Mercury Killing Argus
1652
17th century
23.3 cm x 25.8 cm (9 3/16 in. x 10 3/16 in.)
Jacob Jordaens
(Antwerp, 1593 - 1678, Antwerp)
Primary
Object Type:
print
Artist Nationality:
Europe, Flemish
Medium and Support:
Etching, counterproof with pen and brown and black ink and white heightening
Credit Line:
Blanton Museum of Art, The University of Texas at Austin, The Teaching Collection of Marvin Vexler, '48, 1997
Accession Number:
1997.51
Jordaens frequently treated the story of Mercury and Argus, drawn from an episode in Ovid's Metamorphoses (I, 568 - 721). In this print, Mercury has drawn his sword and is about to slay Argus after having lulled the watchful giant to sleep with stories and flute playing. The moral lesson of this tale is a warning about the consequences of lowering one's defenses against lust and other vices. This etching is one of the very few prints executed by Jordaens himself; many more were engraved by others after Jordaens's drawings and paintings.

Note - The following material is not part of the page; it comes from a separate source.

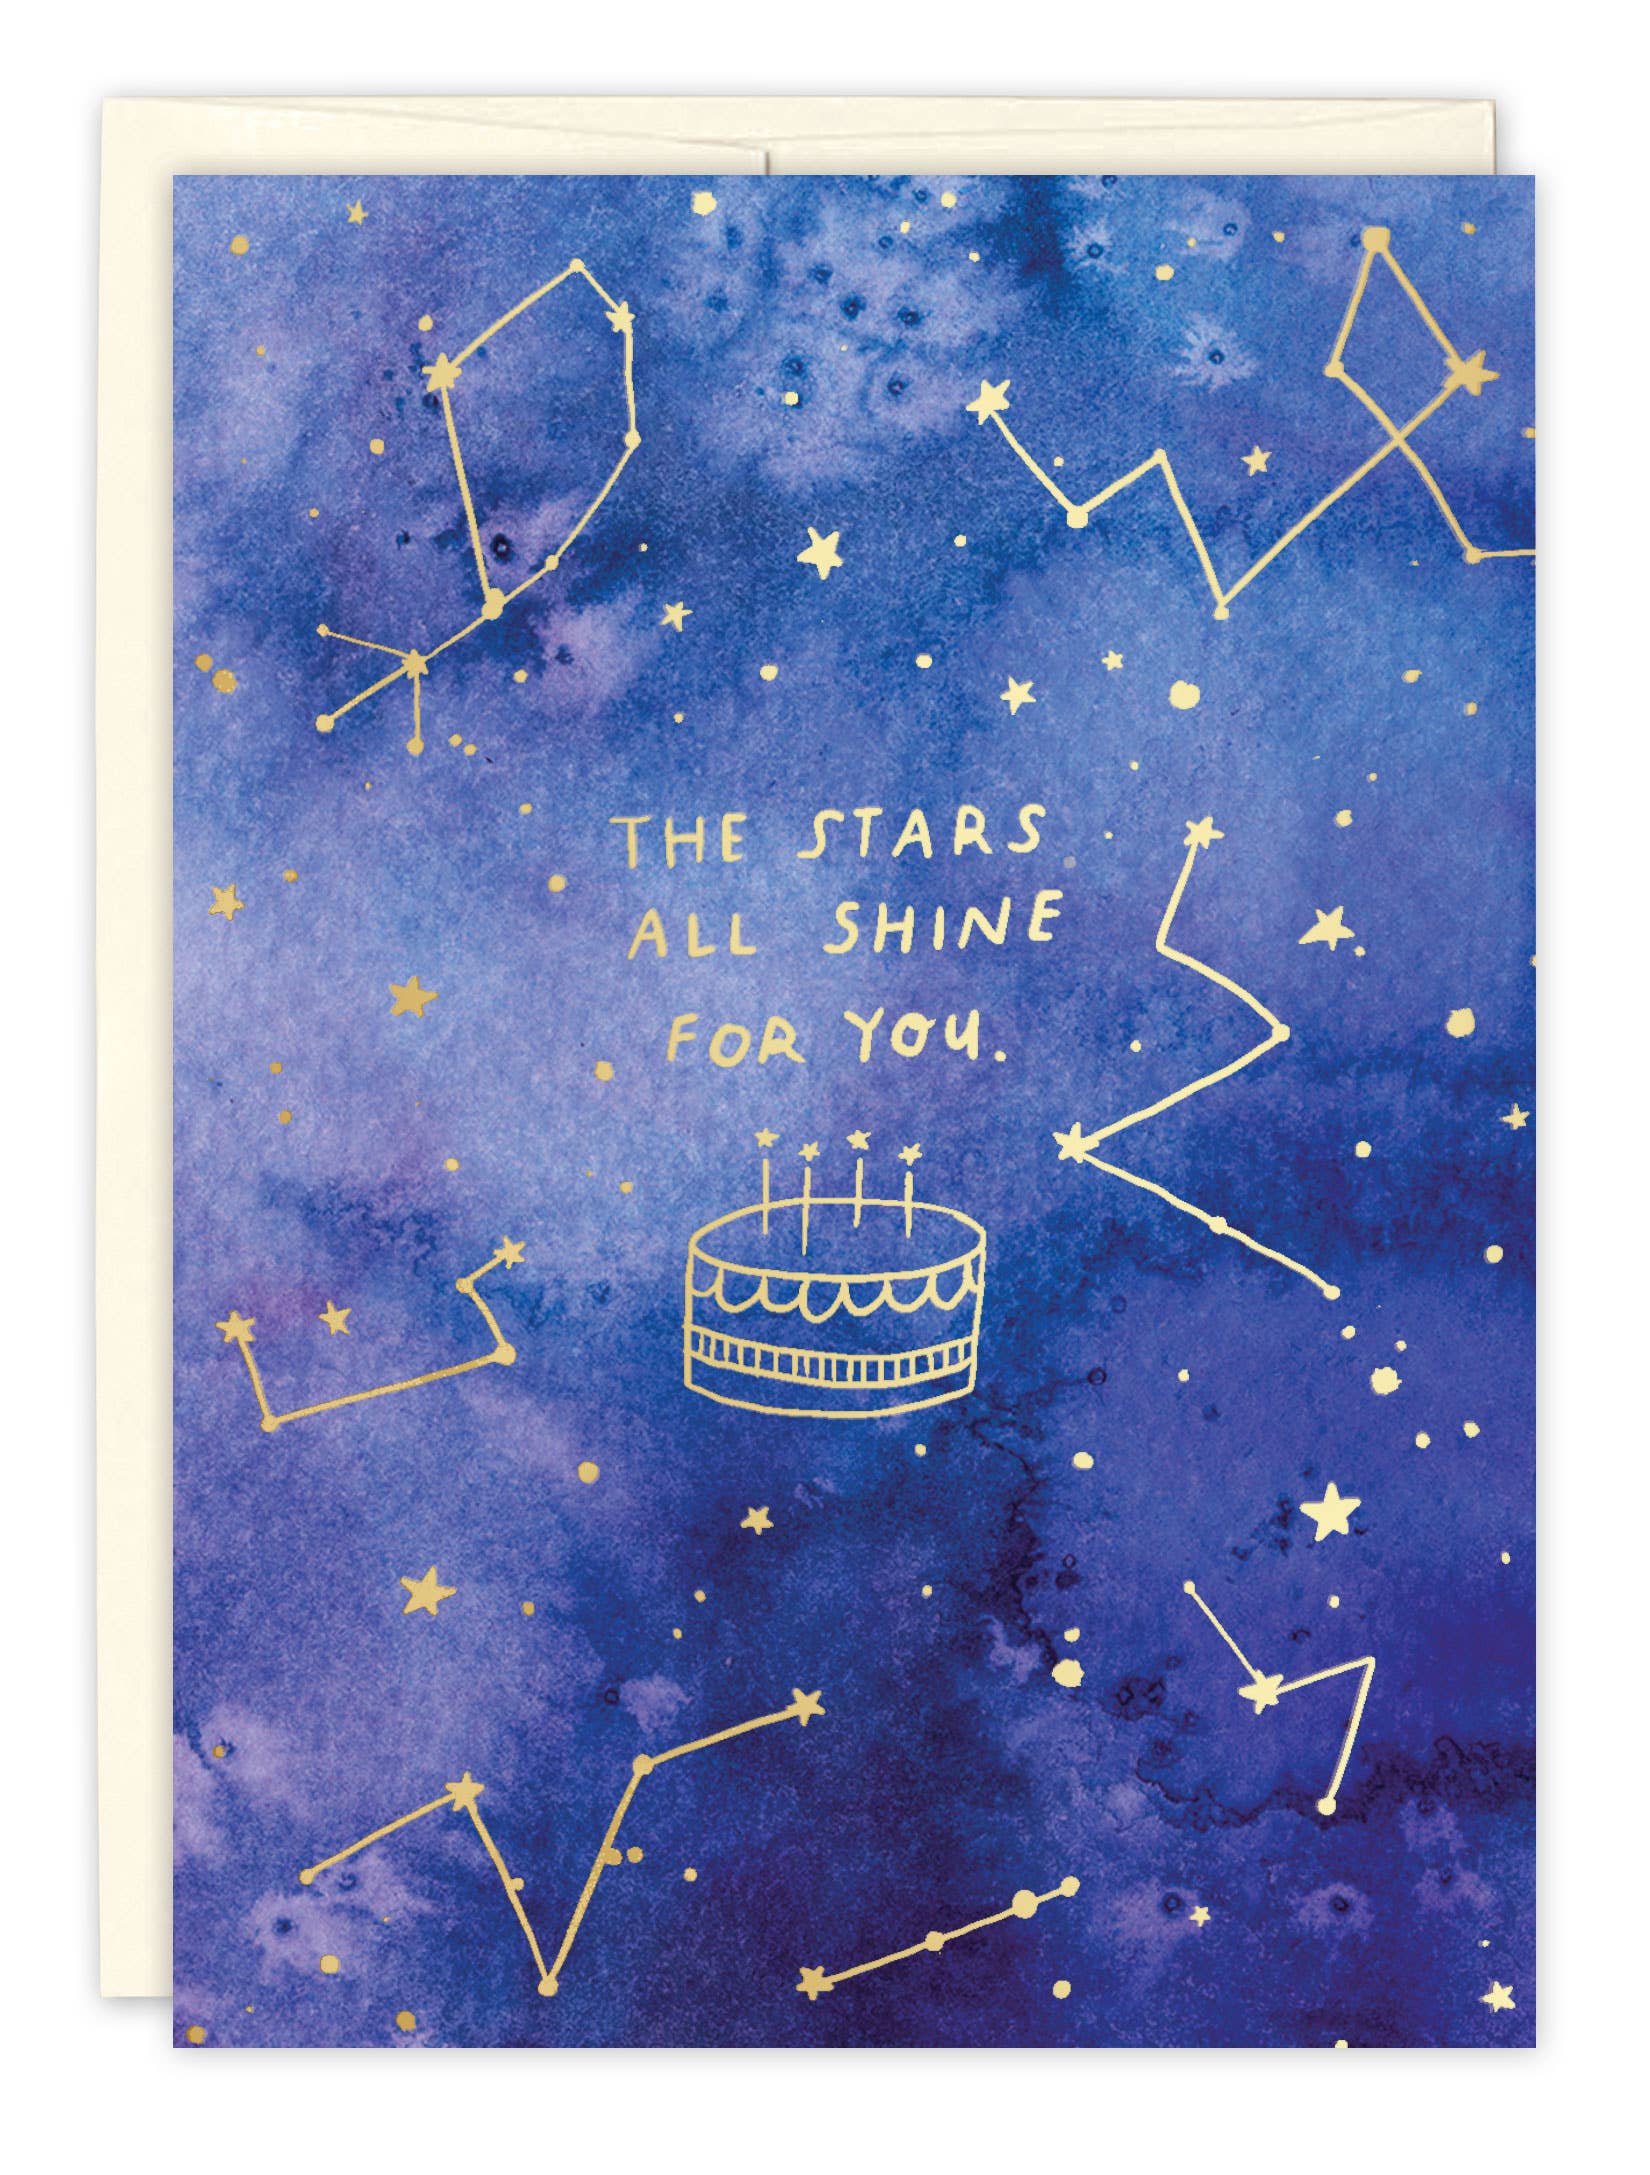 Biely & Shoaf - Stars Shine For You Birthday Card
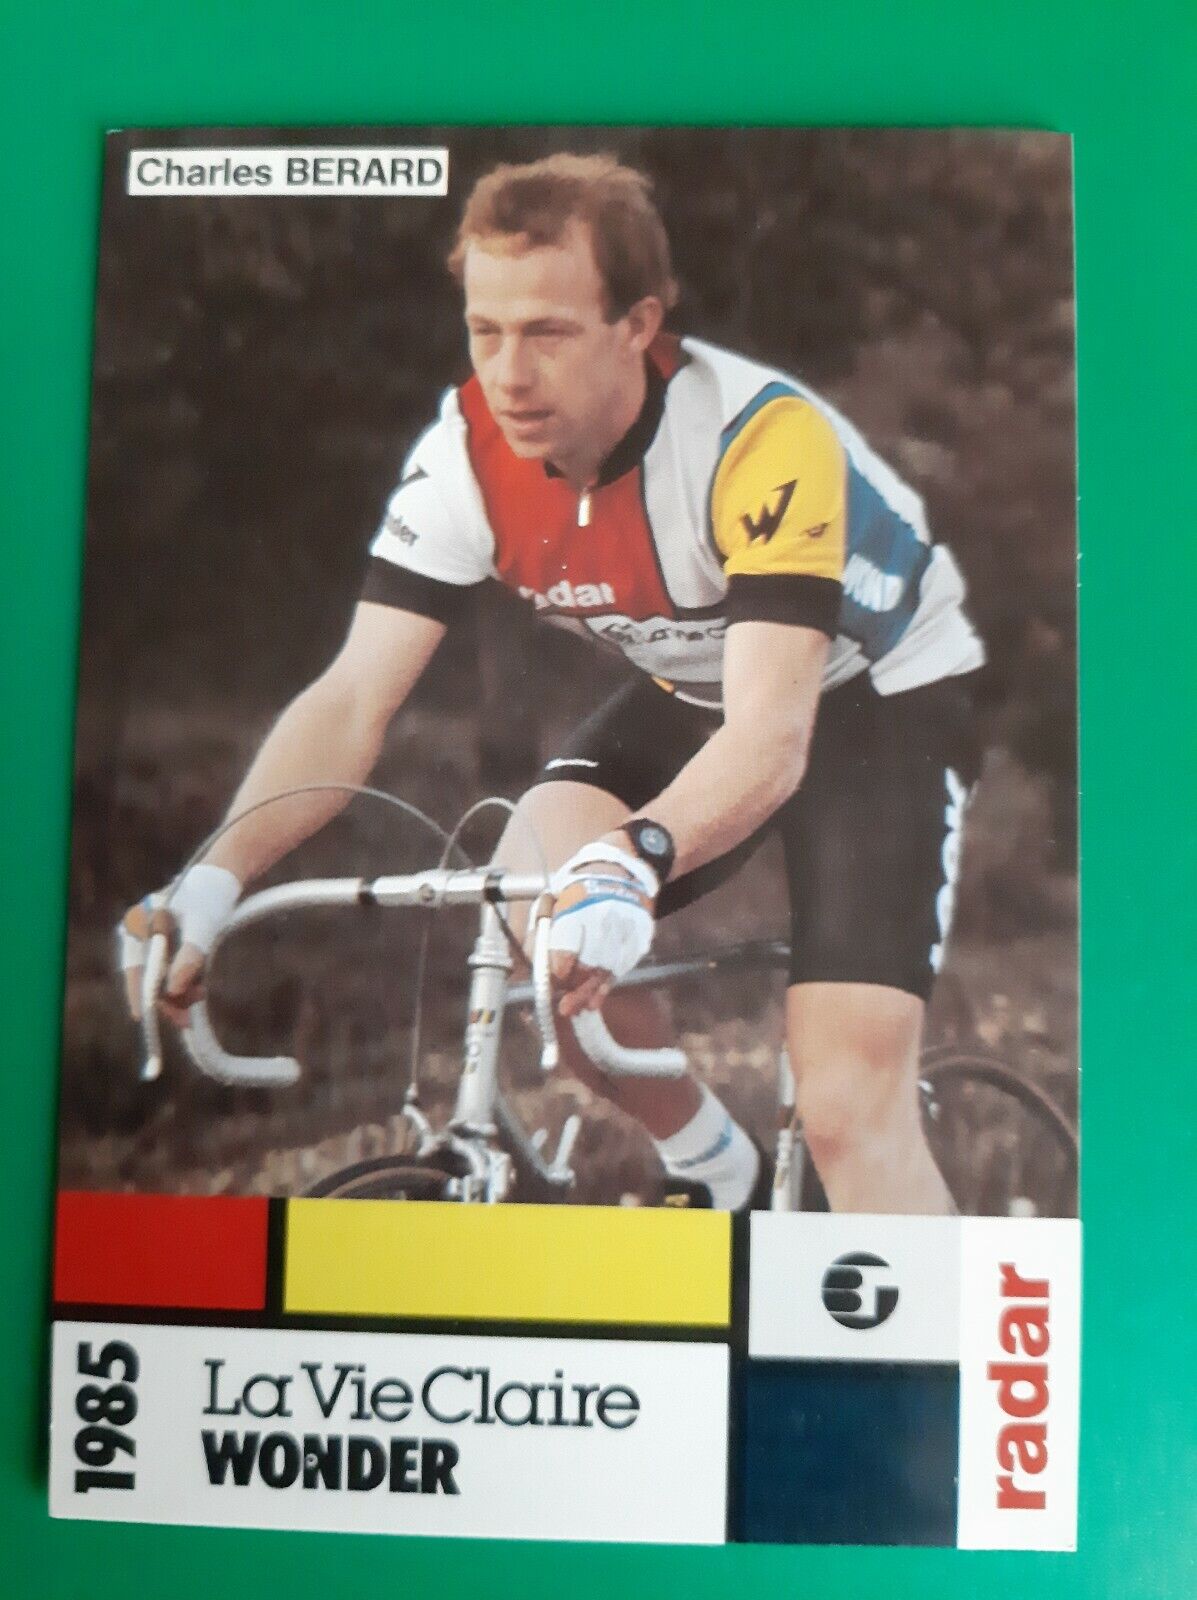 CYCLING cycling card CHARLES BERARD team LA VIE CLAIRE WONDER 1985

The Collection includes two impressions: a fine impression of the print's first state, and a counterproof -- an offset taken from another, freshly inked impression -- of an undescribed state that preceded the first and, through extensive working in pen, two colors of ink, and white heightening, prepared the changes to the plate that are then evident in the first state. Nearly as much a drawing as a print, this unique counterproof is an extraordinary demonstration of working procedure in an Old Master print.